The heart of America has moved 18 miles to the hamlet of Hartville, Missouri – where 30 percent of residents live in poverty – as it continues its southwest-ward trajectory, the US Census Bureau says.
The hamlet of about 600 people in the Missouri Ozarks replaces Plato, Missouri, as the center of the nation, representing the smallest distance shift in the past century.
The Census Bureau made the calculation using 2020 census data.
It likened its process to the US being a scale and its residents each carrying equal weight.
The center of the nation is the spot where the scale would balance on an imaginary, flat US map.
Hartville, Missouri was hailed the center of the nation by the US Census bureau
The hamlet of about 600 people in the Missouri Ozarks replaces Plato, Missouri as the heart of the nation
Using longitude and latitude positions to measure the spot, the Census Bureau then identifies the nearest incorporated municipality as the nation’s core.
The center of population has been calculated since 1790, when Chestertown, Maryland was named the heart of America.
The latest established middle ground represents an 886-mile shift westward from the inaugural site.
The center of population has been calculated since 1790, when Chestertown, Maryland was named the heart of America
The center of the nation is the spot where the scale of equally-weighted US residents would balance on an imaginary, flat US map.
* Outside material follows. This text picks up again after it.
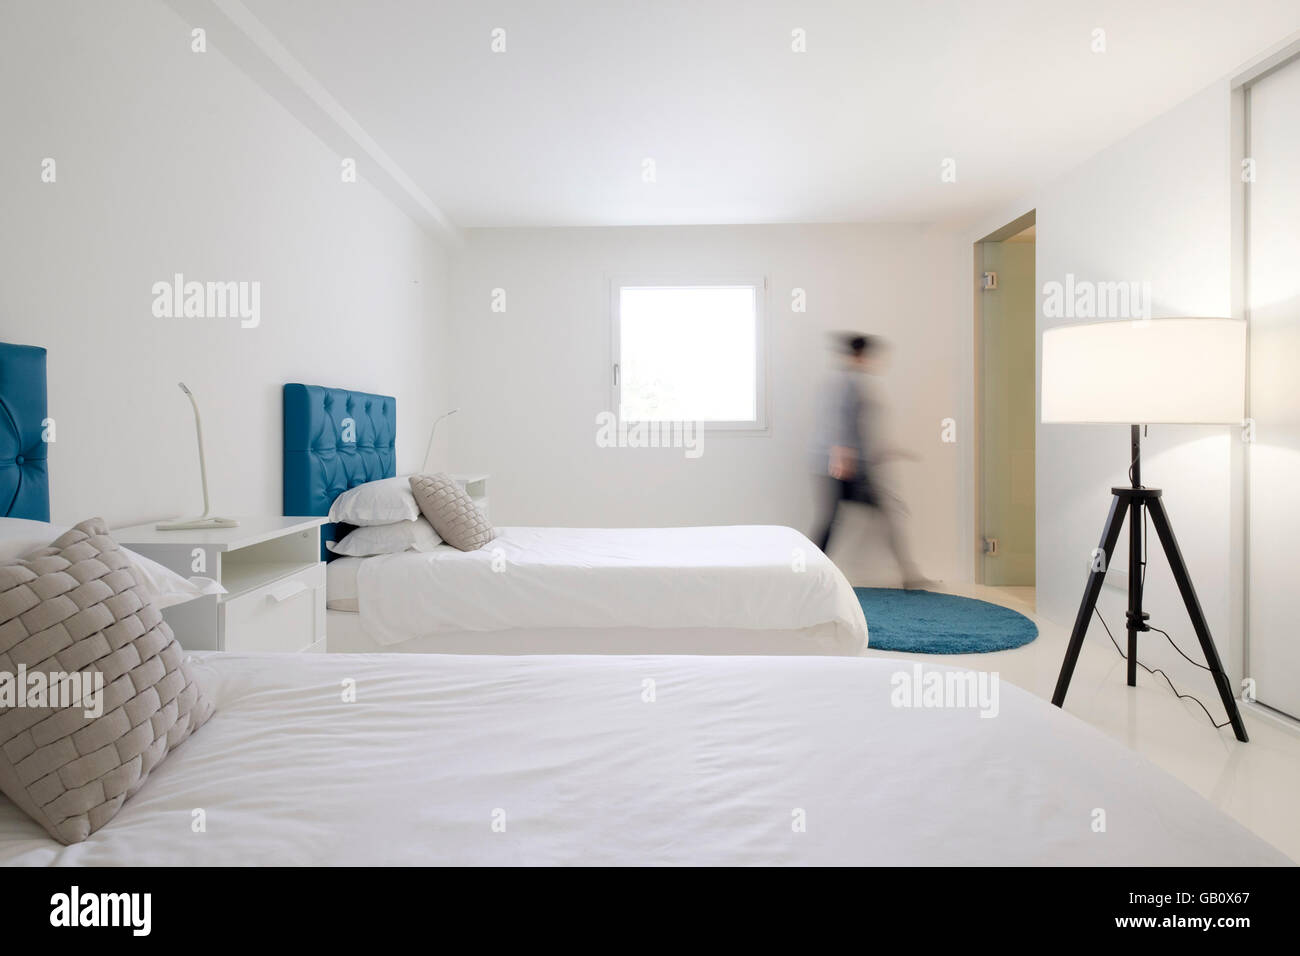 Mouvement personne floue marchant dans la chambre d'hôtel avec lits jumeaux Banque D'Images

Using longitude and latitude positions, the Census Bureau then identifies the nearest incorporated municipality as the nation’s center.
Center of population by the numbers
GPS coordinates: 37.415725 N, 92.346525 W
Distance to closest incorporated municipality: 14.6 miles
Hartville, Missouri, population: 594
Distance between Hartville and previous center: 11.8 miles
Distance between Hartville and original 1790 center: 886 miles
Source: US Census Bureau
‘The movement of the center of population helps tell the story of this century’s migration South and West,’ Ron Jarmin, the Census Bureau’s acting director, said in a release. ‘It helps visualize where we live.’
Missouri has housed the nation’s middle ground for the past four decades.
As the centers shifted since 1960, the National Oceanic and Atmospheric Administration’s (NOAAA) National Geodetic Survey has marked the locations.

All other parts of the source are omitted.